A kernel declares its shapes
The demo kernel boots armed with the Task and Goal shapes, so a task or a goal seals out of the box. An adopter authors a sh:NodeShape for each type its kernel constrains, points it at the type through sh:targetClass, and loads it into the kernel's own shape graph urn:ckp:<kernel>/kernel/ck, sealed there through the governance plane.
@prefix ckp: <https://conceptkernel.org/ontology/v3.8/core#> .
@prefix sh: <http://www.w3.org/ns/shacl#> .
@prefix rdfs: <http://www.w3.org/2000/01/rdf-schema#> .
@prefix xsd: <http://www.w3.org/2001/XMLSchema#> .

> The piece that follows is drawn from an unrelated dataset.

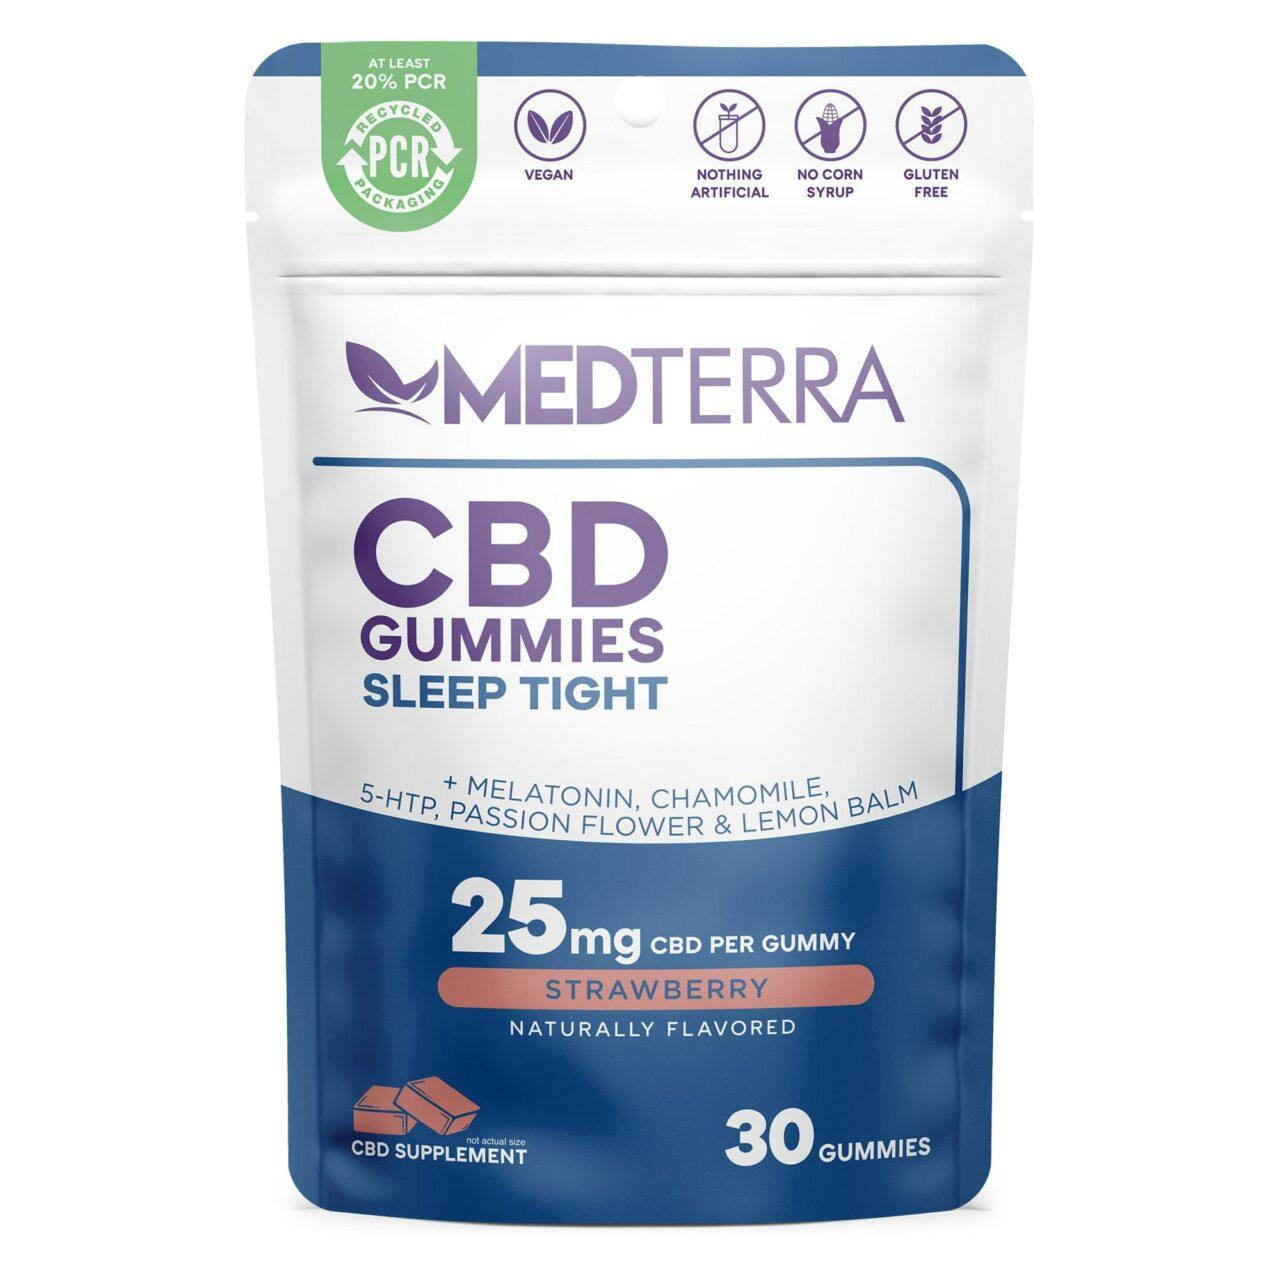 Medterra, CBD Gummies, Sleep Tight, Isolate THC-Free, Strawbery, 30ct, 750mg CBD 1

# The Task shape the demo kernel is armed with at first boot.
ckp:TaskShape
a sh:NodeShape ;
sh:targetClass ckp:Task ;
sh:property [
sh:path ckp:target_kernel ;
sh:minCount 1 ;
sh:maxCount 1 ;
sh:nodeKind sh:IRI ;
] ;
sh:property [
sh:path ckp:part_of_goal ;
sh:minCount 1 ;
sh:maxCount 1 ;
sh:nodeKind sh:IRI ;
] .
# A Goal must carry a label.
ckp:GoalShape
a sh:NodeShape ;
sh:targetClass ckp:Goal ;
sh:property [
sh:path rdfs:label ;
sh:minCount 1 ;
sh:datatype xsd:string ;
] .The sh:targetClass is the binding: ckp:TaskShape governs exactly the instances typed ckp:Task, requiring every Task to name both a target_kernel and a part_of_goal as IRIs; ckp:GoalShape requires every Goal to carry an rdfs:label. The kernel's core types carry the same discipline — KernelShape, AffordanceShape, LedgerEntryShape, ProofShape at the stable core namespace https://conceptkernel.org/ontology/v3.8/core# govern the protocol's own facts, so the runtime holds itself to the identical gate it holds domain kernels to.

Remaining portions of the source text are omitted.